The fake article, which was reported on a number of LGBT blogs, had Obama supposedly telling Marc Maron today that "I can't think of anything more deserving of a national holiday than the fight for equality. Our nation was founded on a bedrock principle that we are all created equal. I will be urging Congress to honor the LGBT community with a federal holiday; until then I will issue by executive order declaring June 26, 2016, National Equality Day."

What's true is the president could indeed hold the power to denote a "National Equality Day" via an executive order, and that a federal holiday -- when businesses, schools, and government buildings generally close -- can only be added to the national calendar with the approval of Congress. But Obama never did that interview and never called for any holiday.
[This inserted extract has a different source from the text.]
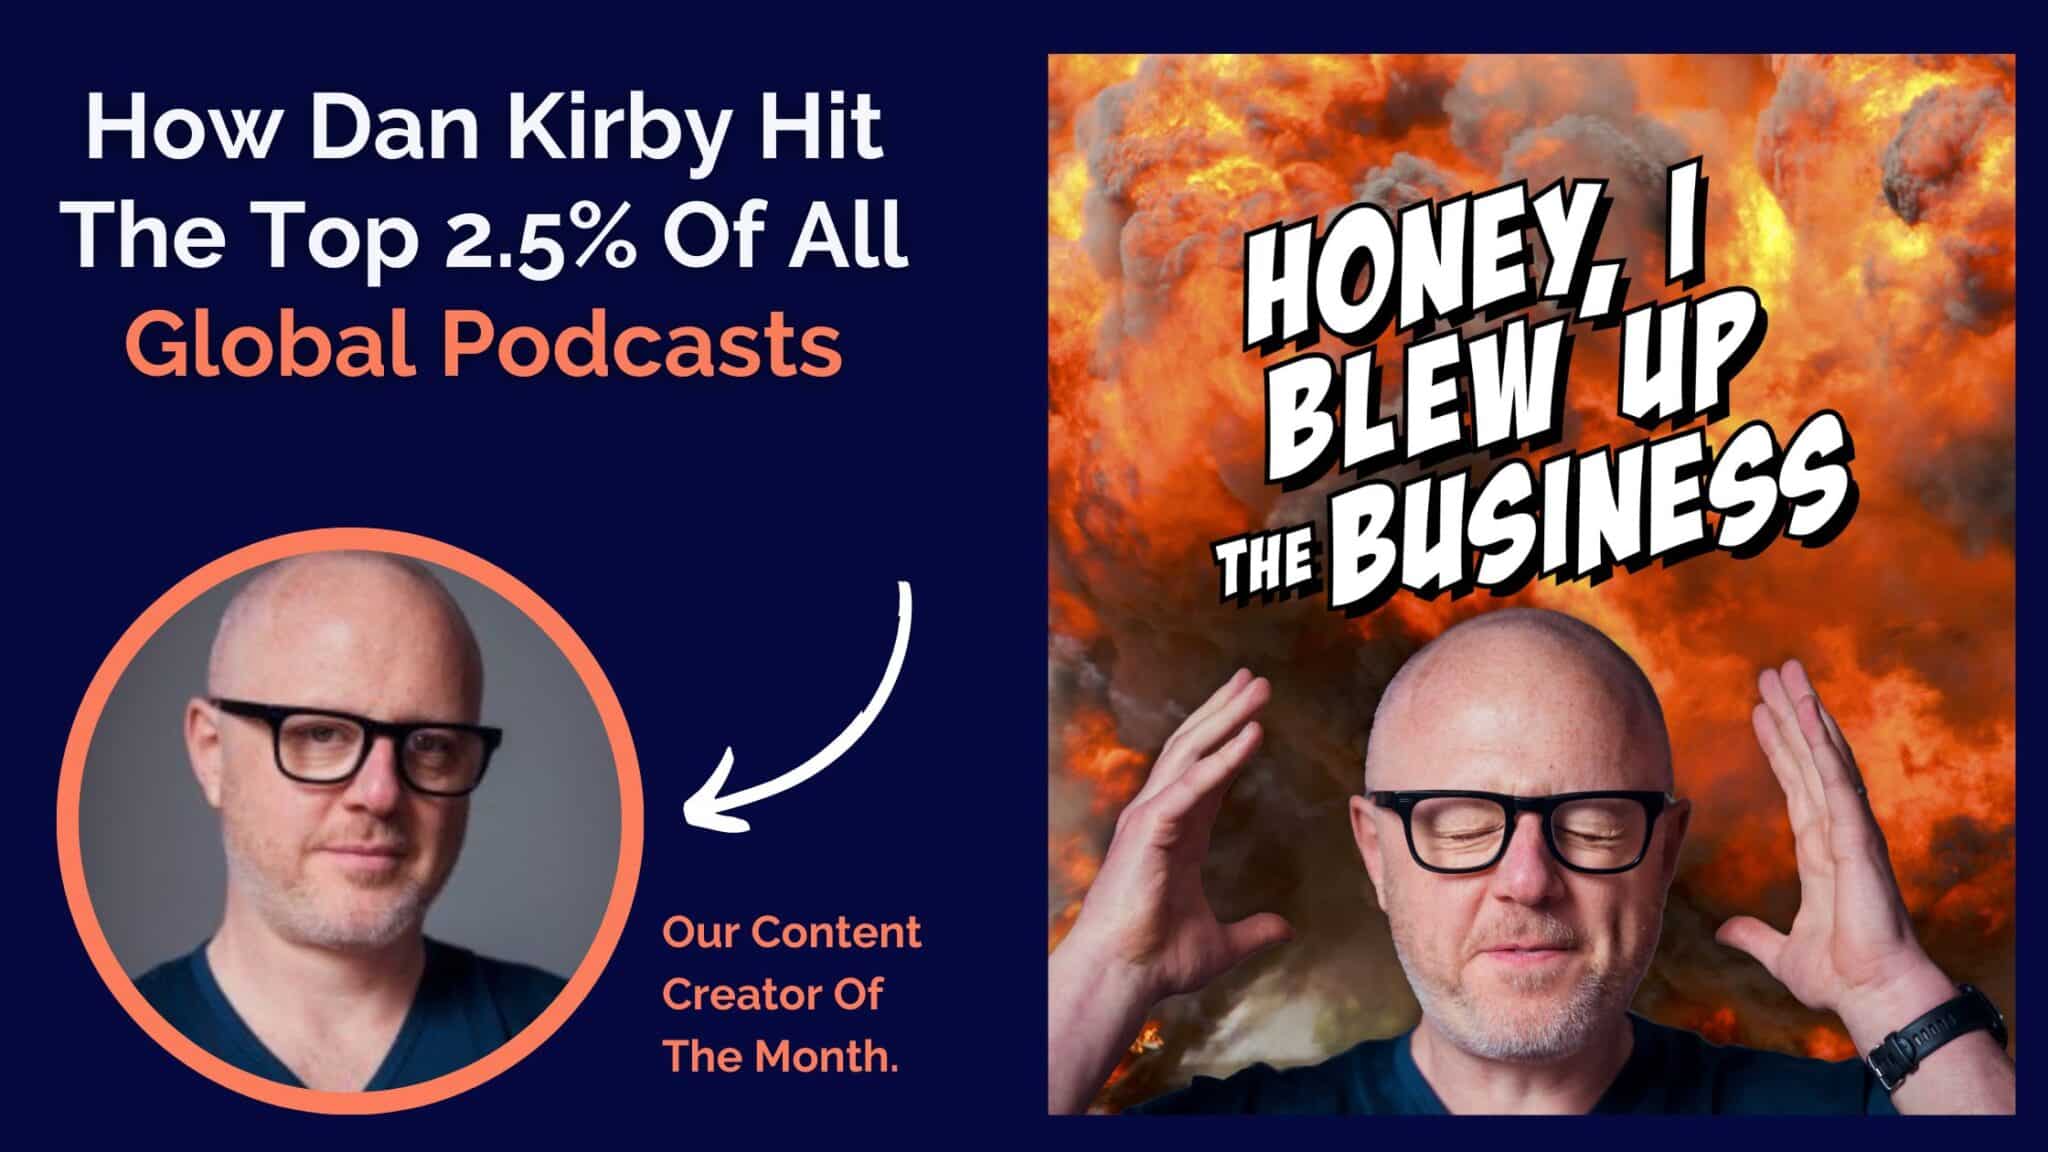 How Dan Kirby Hit The Top 2.5% Of All Global Podcasts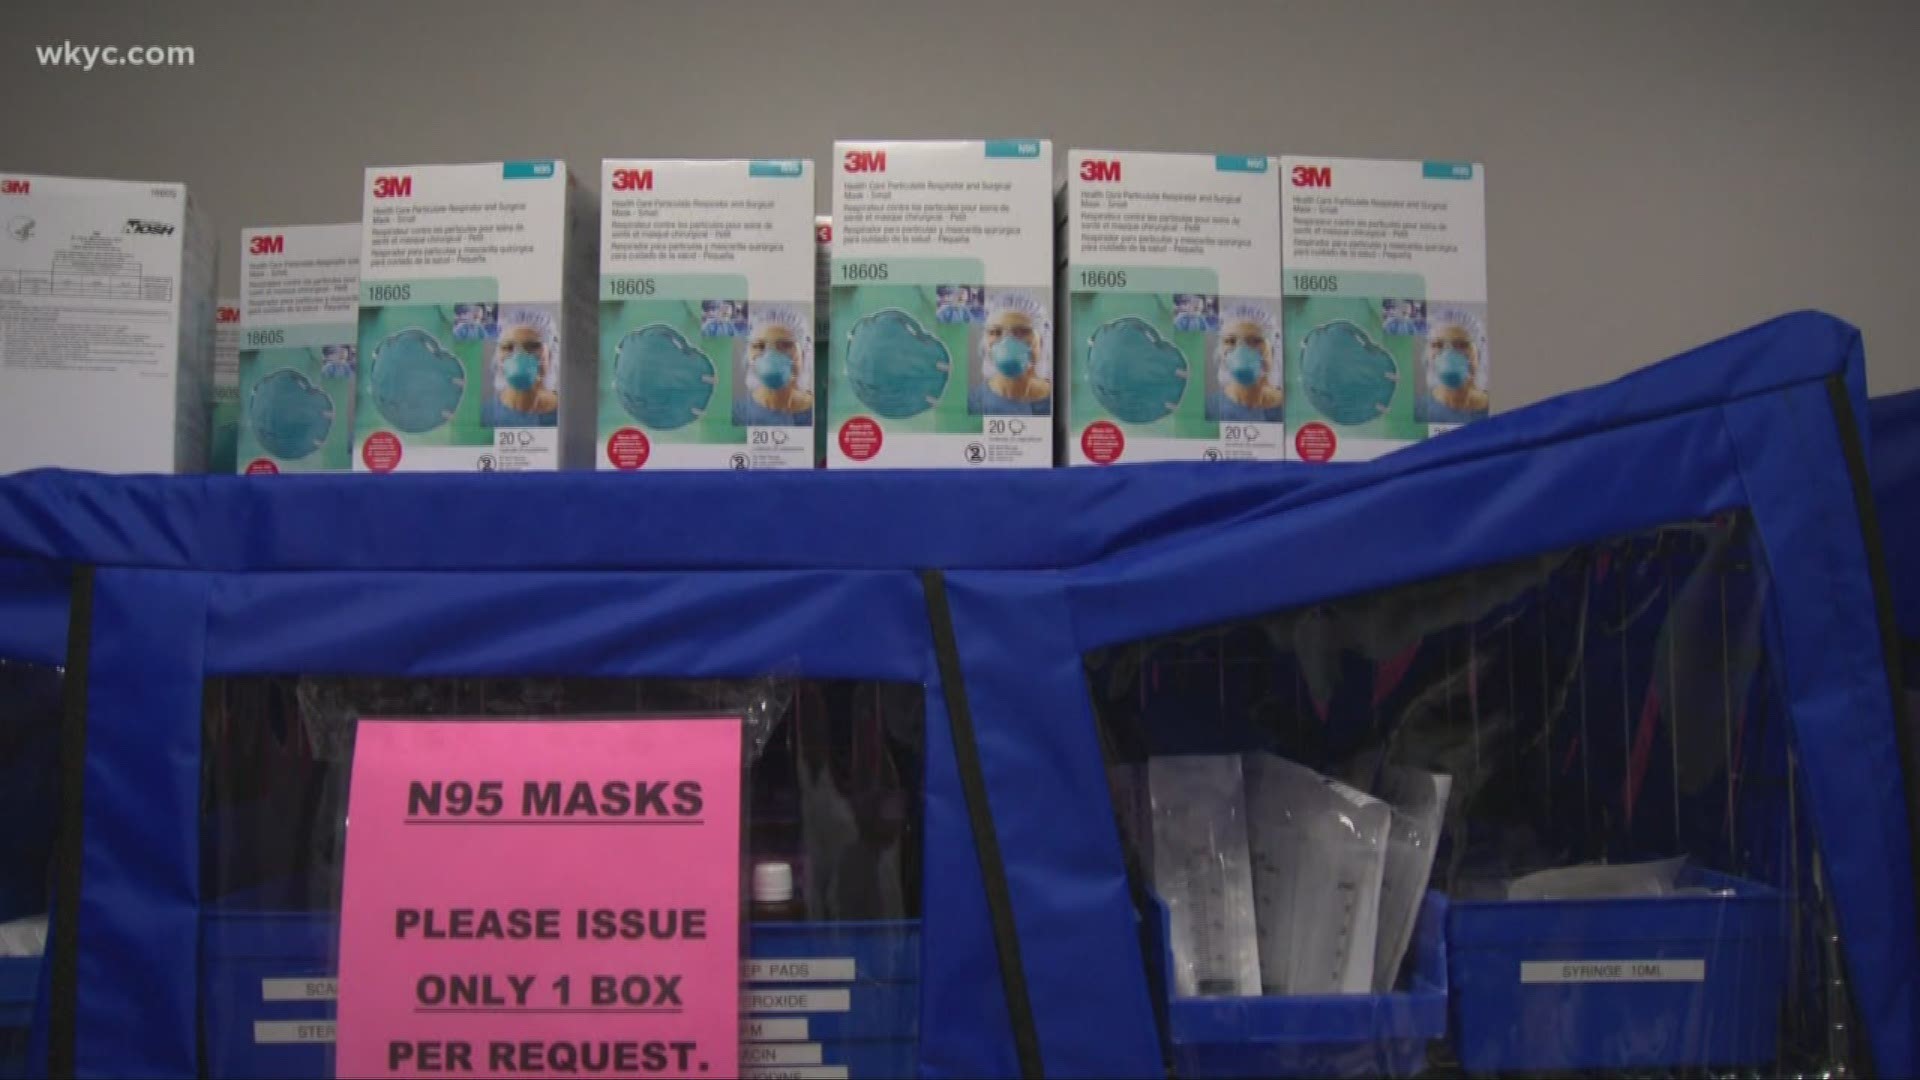 Emergency management put in a request to the state to get more masks. They were told it would take 70 days minimum.

Constitution Daily, the blog of the National Constitution Center, notes that Congress has not added any federal holidays to the calendar since President Ronald Reagan made Martin Luther King, Jr. Day a holiday in November 1983. In the past 100 years, just four federal holidays have been added to the calendar, reports The Washington Post.

If you like the idea, a real Change.org petition is calling for a national holiday. And one writer at the real Time magazine has called for June 26 to become a national holiday. "When several historic events happen on the exact same day, it's a sign: June 26 should be a national holiday," wrote Charlotte Alter for the Ideas section. She added, "Because June 26 isn't just an important date for gay Americans -- it's a date that symbolizes how rapidly change can happen in America, how quickly our attitudes can evolve, and how, when used correctly, our system is one that propels us all towards a more equal state. In other words, June 26 is a date that represents what happens when America works the way it's supposed to work."